You’ve visited restaurants with open kitchens, where you get to watch the chef. What about a restaurant that watches you? Some Dutch researchers have opened an eatery peppered with surveillance cameras in an effort to analyze dining behavior. As one of the researchers told Reuters:

We want to find out what influences people: colors, taste, personnel. … This restaurant is a playground of possibilities. We can ask the staff to be less friendly and visible or the reverse. The changes must be small. If you were making changes every day it would be too disruptive. People wouldn’t like it.

Yes, disruptive; mustn’t be that. Surely the valuable data collected at this $4.26 million “restaurant of the future” will only be used to enhance our dining experience. Much like research has enhanced our grocery shopping experience, allowing us to easily find which aisle houses the salsa (no, dear, not in the Mexican food section; it’s in aisle 6—condiments.
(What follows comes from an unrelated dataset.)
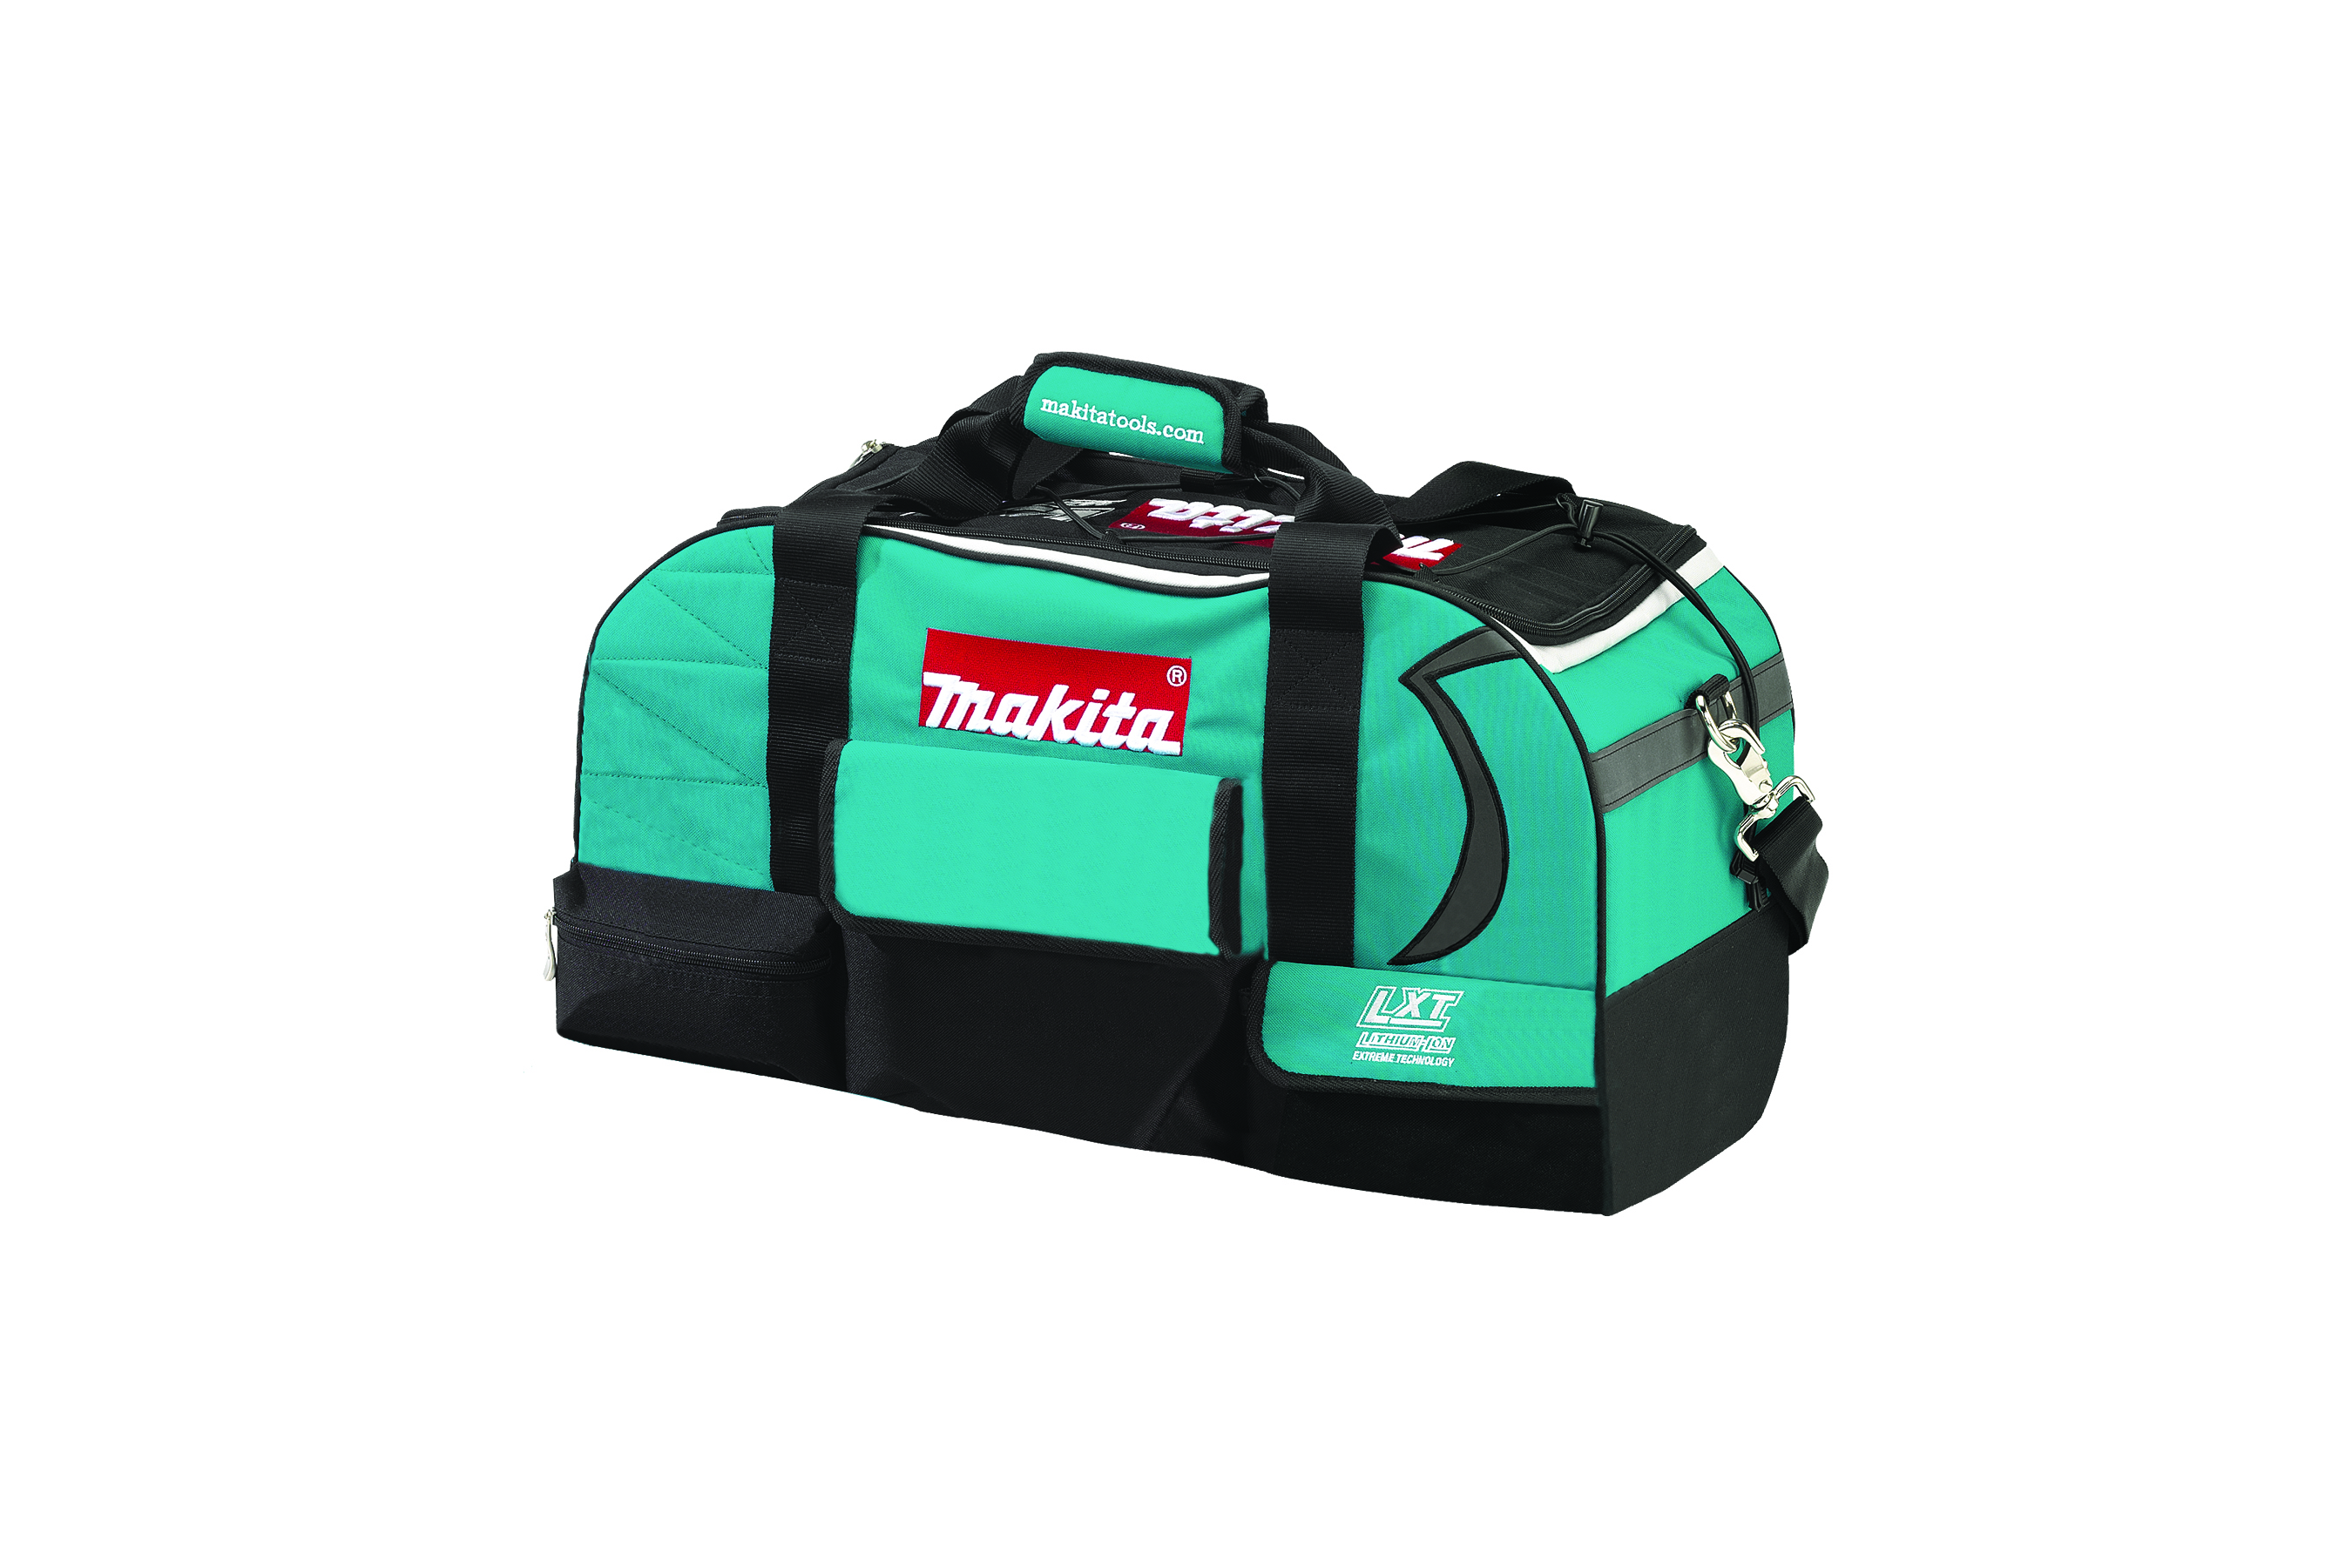 A teal and black tool bag with a red "Makita" label. Image by Makita Tools.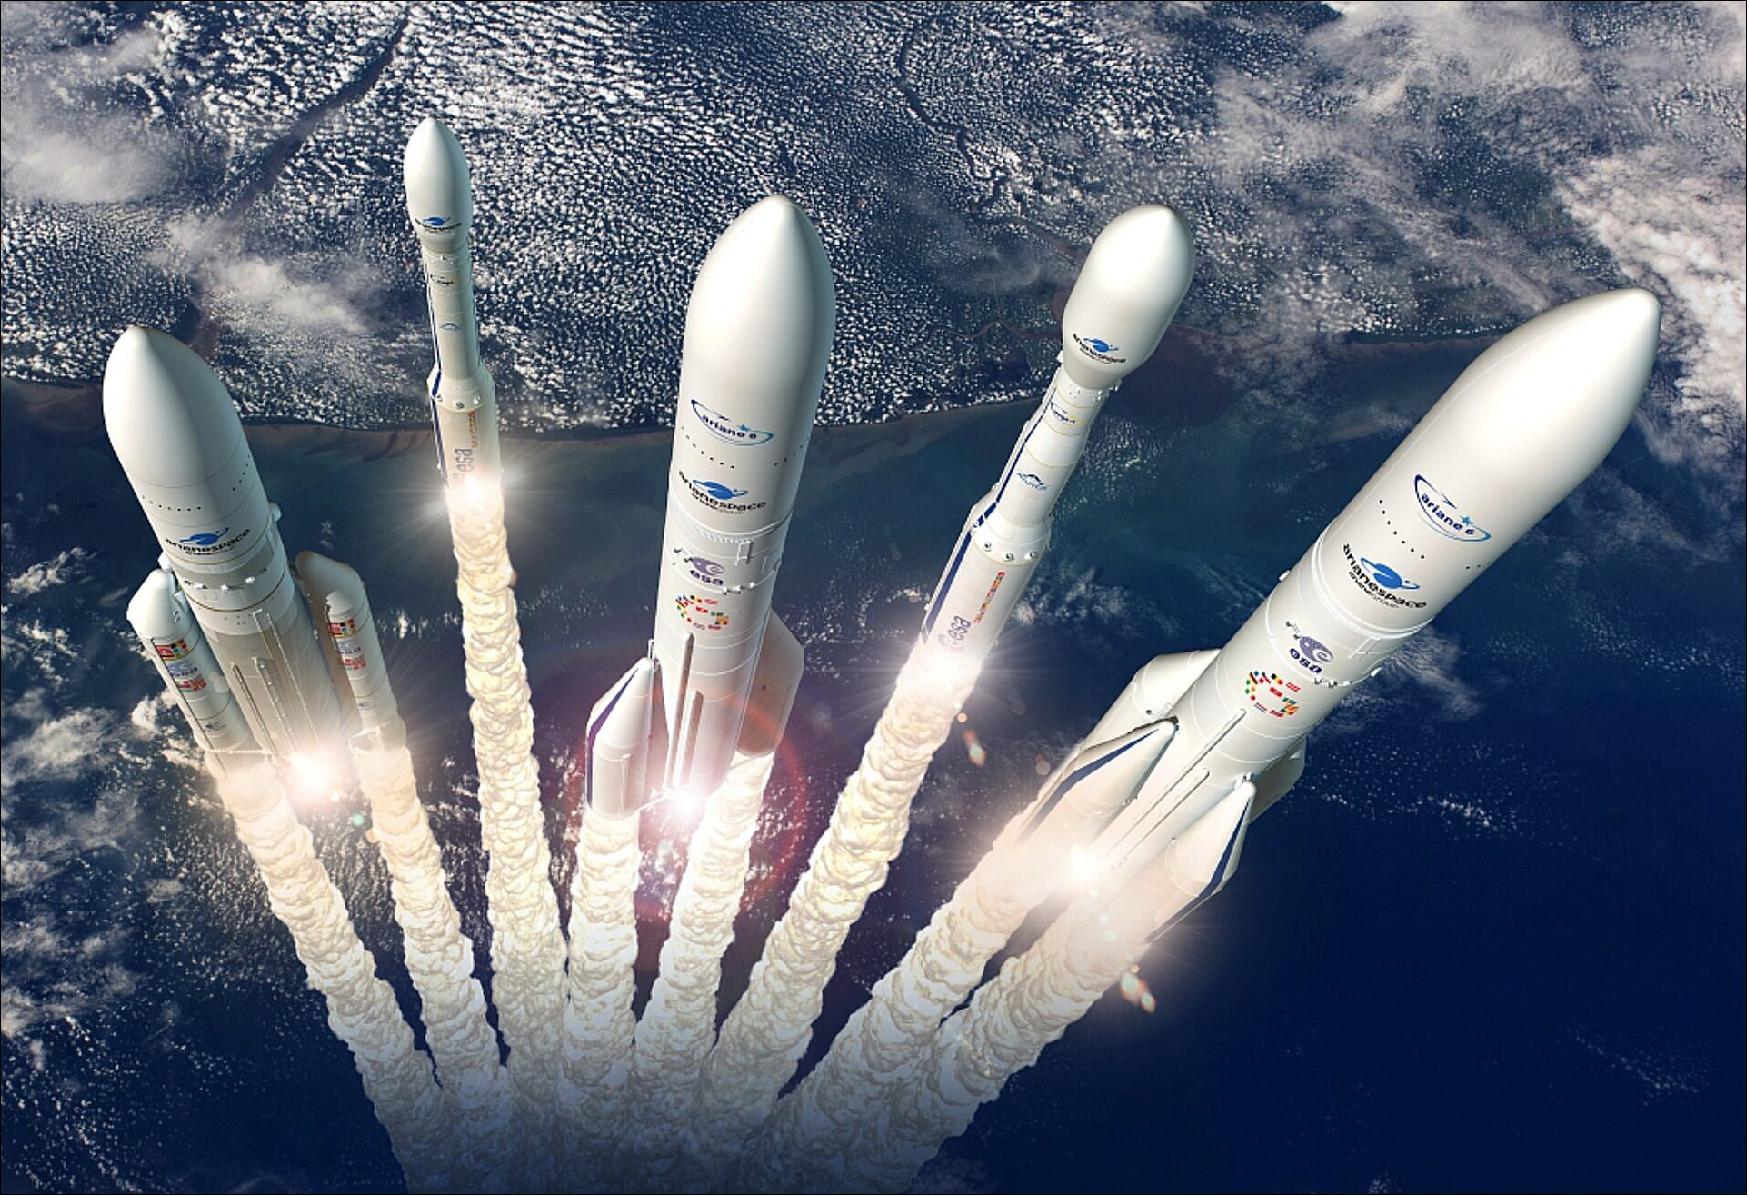 Figure 32: Artist's view of the European launcher family. Shown from left to right: Ariane 5, Vega, the two-booster Ariane 6 (A62), Vega-C, the four-booster Ariane 6 (A64). Ariane 5 and Vega are operated from Europe's Spaceport in Kourou, French Guiana. Vega-C will increase performance from Vega’s current 1.5 t to about 2.2 t in a reference 700 km polar orbit, covering identified European institutional users’ mission needs, with no increase in launch service and operating costs. Ariane 6 provides a modular architecture using either two boosters (Ariane 62) or four boosters (Ariane 64), depending on the required performance. The P120C solid-propellant boosters will be common with Vega-C (image credit: ESA, D. Ducros)

Use your head!) and placing the milk conveniently at the back of the store. Reuters elaborates:

From a control room, researchers can direct cameras built into the ceiling of the restaurant to zoom in on individual diners and their plates. They watch how people walk through the restaurant, what food catches their eye, whether they always sit at the same table and how much food they throw away.

What’s the big deal? asks diner Bert Visser. “You’re already watched by cameras everywhere like ‘Big Brother’ so what difference does it make here?”